The research, which was funded and designed by the sugar industry, was intended to dispel fears that fructose-containing sugars affect blood lipids.
But internal correspondence uncovered by researchers at the University of California at San Francisco, show that industry leaders pulled the plug on its publication after getting wind that it would prove the clearest link between sugar and disease ever found.
The finding, published today in PLOS Biology, is the latest in a series of bombshell reports from investigative researcher Dr Cristin Kearns and co-author Dr Stanton Glantz, who was the first researcher to reveal Big Tobacco was hiding research on the danger of cigarettes in 1996.
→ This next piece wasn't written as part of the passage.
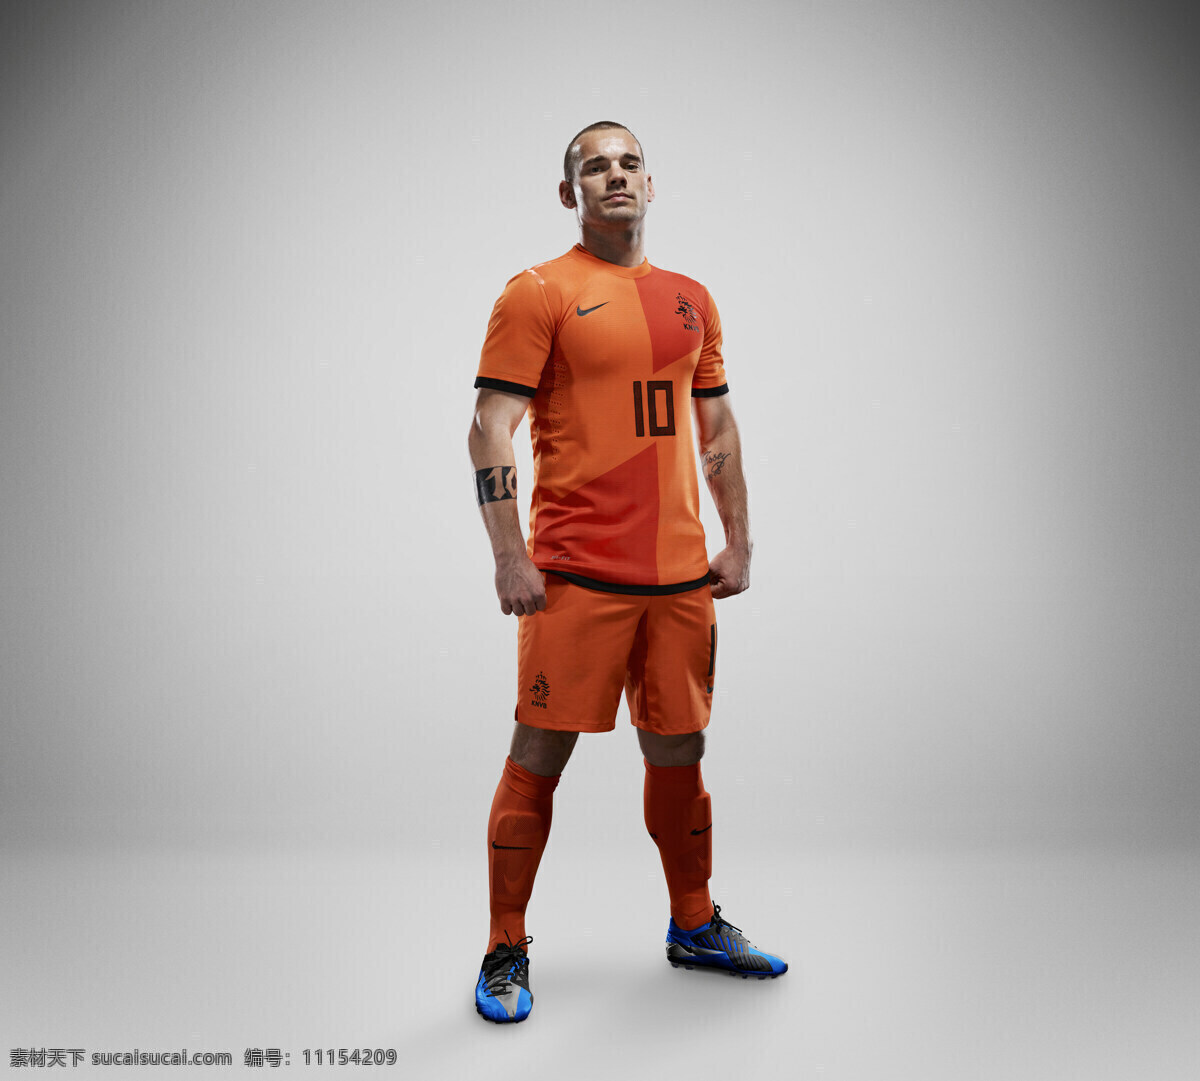 nike 荷兰国家队 队服 斯内德 平面 广告 体育运动 文化艺术

Last year the duo sent shockwaves through the nutrition world with a study that showed the sugar industry had paid Harvard University’s most respected nutrition scientist to play down the health dangers of sugar, and demonize fats.
Speaking to Daily Mail Online, they say that, had this new study been published in 1968 as planned, it would have automatically triggered a review of sucrose by the US Food and Drug Administration, which would have likely led to regulation of sugar.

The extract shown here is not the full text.